Here, we observe an accuracy on the adversarial test data of 0.19, which is a very poor result compared to the initial accuracy of 0.81. This can be explained by the fact that our dataset is not very large, and that the designed attack is inherently designed to be effective against decision trees.

## XGBoost Classifier and Robustness Verification

In [164]:
from xgboost import XGBClassifier

# Create a decision tree classifier
model = XGBClassifier(n_estimators=4, max_depth=6)
model.fit(X_train, np.argmax(y_train, axis=1))

# Evaluate the classifier on the test data
y_pred = model.predict(X_test)
print('Accuracy on test data:', accuracy_score(y_test, y_pred))
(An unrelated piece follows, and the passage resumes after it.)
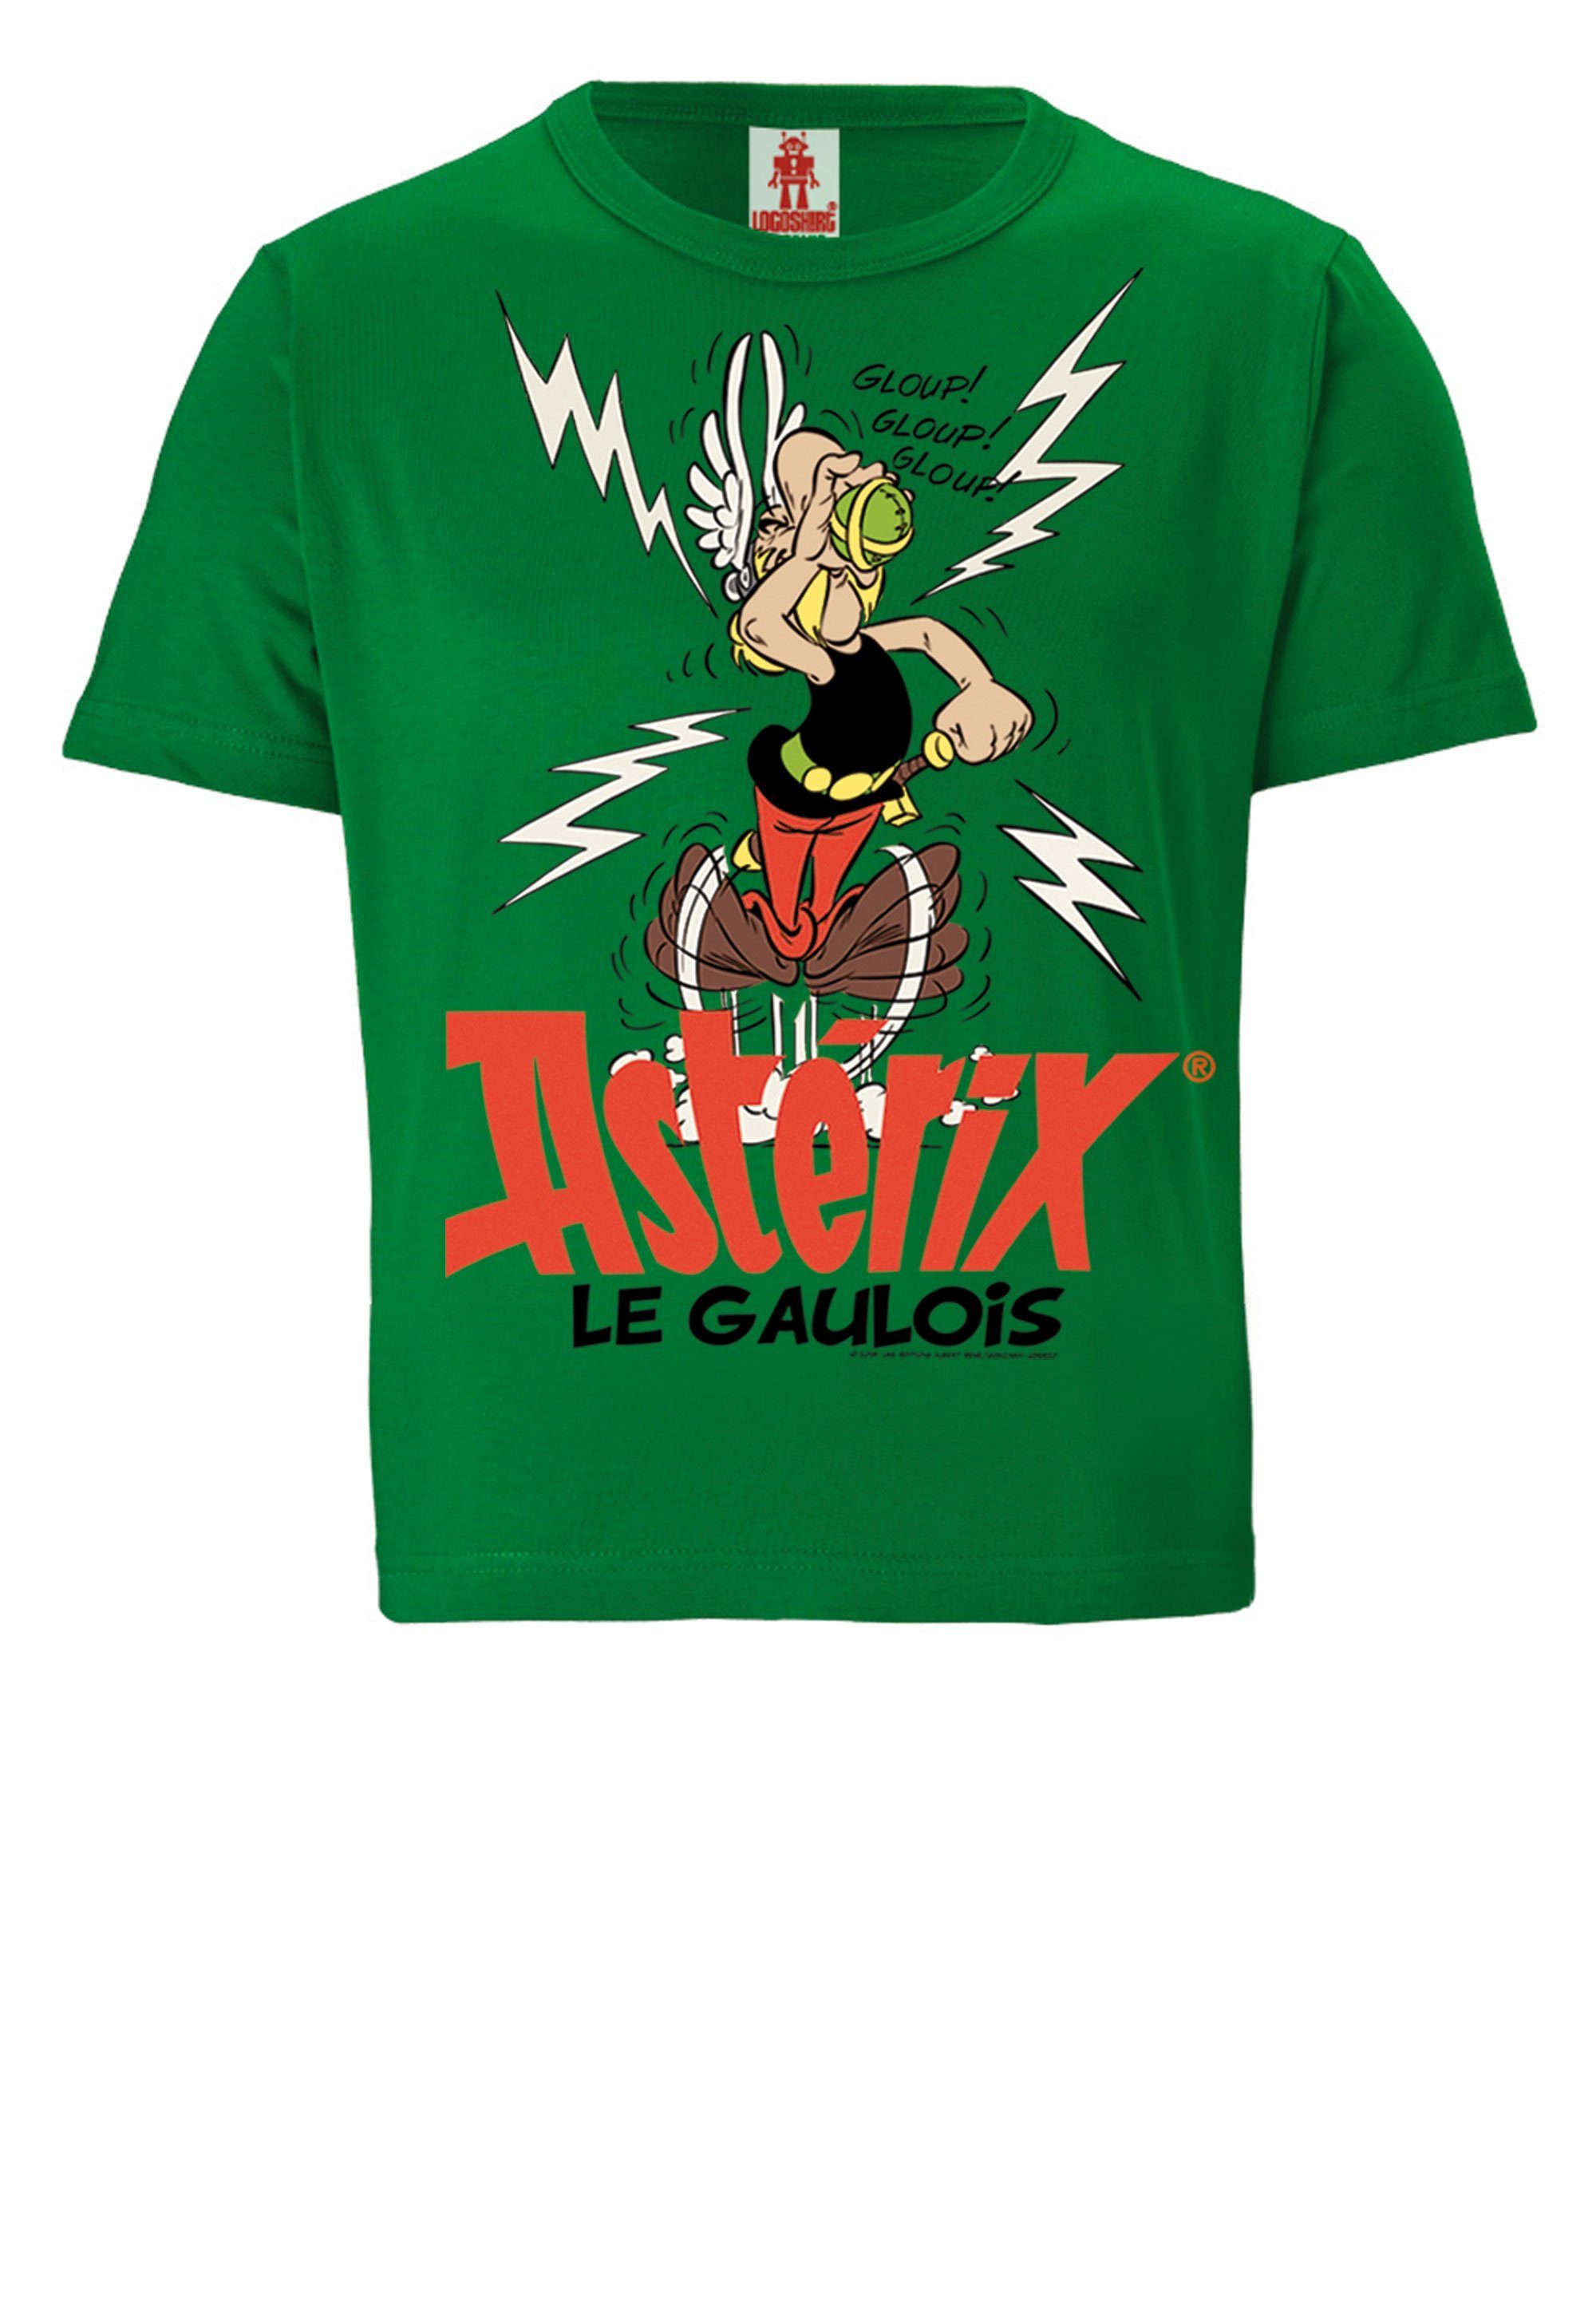 Asterix T-Shirt coolem Gaulois le Print mit LOGOSHIRT

Accuracy on test data: 0.84


As a final study of robustness, we study the robustness verification of the XGBoost model using the RobustnessVerificationTreeModelsCliqueMethod. This method is based on the paper "Robustness Verification of Tree Models" (https://arxiv.org/abs/1906.03849) and is designed to verify the robustness of tree models to adversarial attacks. It is based on the computation of the average bound and the verified error at a given epsilon. The average bound is the average of the maximum perturbation that can be applied to the input data without changing the output of the model. The verified error is the maximum error that can be obtained by applying a perturbation of epsilon to the input data.

In [166]:
from art.estimators.classification import XGBoostClassifier
from art.metrics import RobustnessVerificationTreeModelsCliqueMethod

model = XGBClassifier(n_estimators=4, max_depth=6)
model.fit(X_train, np.argmax(y_train, axis=1))

classifier = XGBoostClassifier(model=model, nb_features=13, nb_classes=2)

rt = RobustnessVerificationTreeModelsCliqueMethod(classifier=classifier)
average_bound, verified_error = rt.verify(x=X_test, y=y_test, eps_init=0.3, nb_search_steps=10, max_clique=2,
                                          max_level=2)

print('Average bound:', average_bound)
print('Verified error at eps:', verified_error)

Decision tree verification:   0%|          | 0/800 [00:00<?, ?it/s]

Average bound: 0.11629101562500047
Verified error at eps: 0.735


The average bound is 0.116, which is of the same order of magnitude as the empirical robustness of the SVC model. 

The verified error at $\epsilon=0.3$ is 0.735, which we consider to be a good result. Indeed, the value of $\epsilon$ is quite large, making the attack noticeable, and the verified error is on the other hand quite small, meaning that the model is robust to this attack.